Оно не соответствует представлению о том, с кем он должен быть рядом, когда будет стоять перед фирмой, которую он помог построить.

Может, Ками права.

Все мужчины одинаковы.

Я смотрю вниз на гладкое чёрное платье приличной длины в сочетании с розовыми туфлями-лодочками и распущенными, уложенными в причёску волосами. Рукава – это рукава-крылышки, заканчивающиеся прямо под моими подмышками, а воротник – приличный, в форме сердечка, едва открывающий декольте. Я дополнила его серебряными серьгами-гвоздиками и простым ожерельем.

Оно... красивое.

Милое.

Ричард был бы рад видеть меня в нём.

И я абсолютно ненавижу его.

И, похоже, оно также не подходит к тому, что Дэмиен хотел, чтобы я надела.

— Оно слишком обтягивающее? Слишком откровенно? Слишком...

— Скучное, – говорит он, и я поднимаю на него растерянные глаза.

— Что?

— Это... не ты. – Выражение его лица трудно определить, но это почти... отвращение.

— Я не понимаю.

— Эбби. Ты – это черные платья и консервативные фасоны?

— Я… – Я пытаюсь отодвинуться, отвести взгляд, защитить своё сердце и приготовиться к худшему, но он снова захватывает мой подбородок между большим и указательным пальцами.

— Ты из тех женщин, которые сливаются с толпой?

— Я…

— Нет. Тогда почему сейчас ты выглядишь именно так?

— Я… Я подумала... Я думала, раз мы идём на рабочую вечеринку, ты захочешь, чтобы я выглядела более презентабельно.

— Это ещё одна чушь от твоего бывшего? – Я не отвечаю, но думаю, что не отвечать – это уже достаточный ответ.

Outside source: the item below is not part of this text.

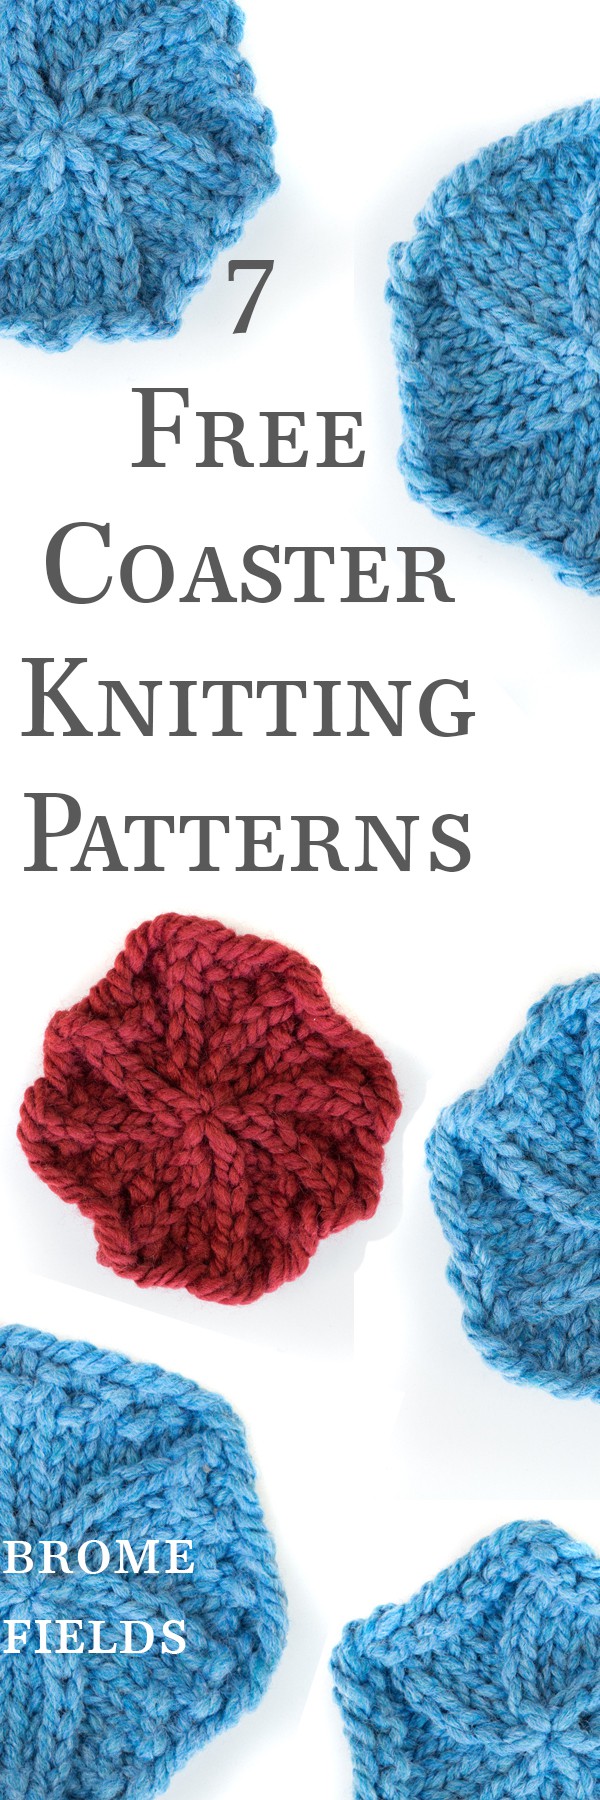 {FREE} Circle Coaster Knitting Pattern - Brome Fields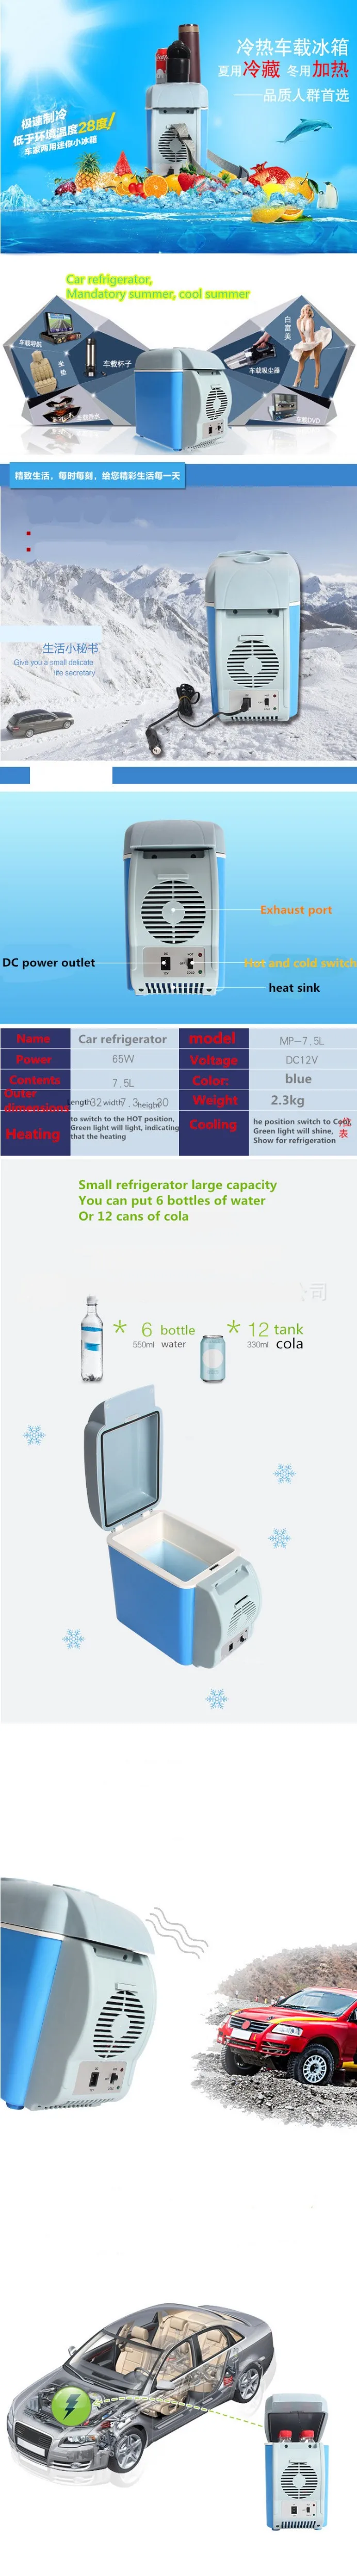 Автомобильный мини-холодильник 12 В, 7,5 литров, семейный автомобиль с коробками для холодной воды, мини-холодильник, небольшой холодильник для машины, теплые холодные коробки, могут быть

Я не уклоняюсь от ответа не потому, что он не прав, и не потому, что мне стыдно.

Я не отвечаю из-за чувства вины, которое накапливалось всю неделю.

За последний месяц, если быть честной.

Это неправильно, говорит голос у меня внутри. Это уже не игра. Это нечто большее. Гораздо большее, чем то, что ты планировала.

Но этот голос заглушает другой, смущённый, раненный.

Тот, который больше всего на свете хочет показать Ричарду, что он был неправ. Что я не просто забава, не просто хорошее времяпрепровождение.

Я хочу, чтобы Ричард увидел, что я достойна.

Но с течением последних двух месяцев, когда я стала ближе к Дэмиену, человеку, о котором Ричард четыре года жаловался, говорил, целовал его задницу, я поняла, что всегда была достойна.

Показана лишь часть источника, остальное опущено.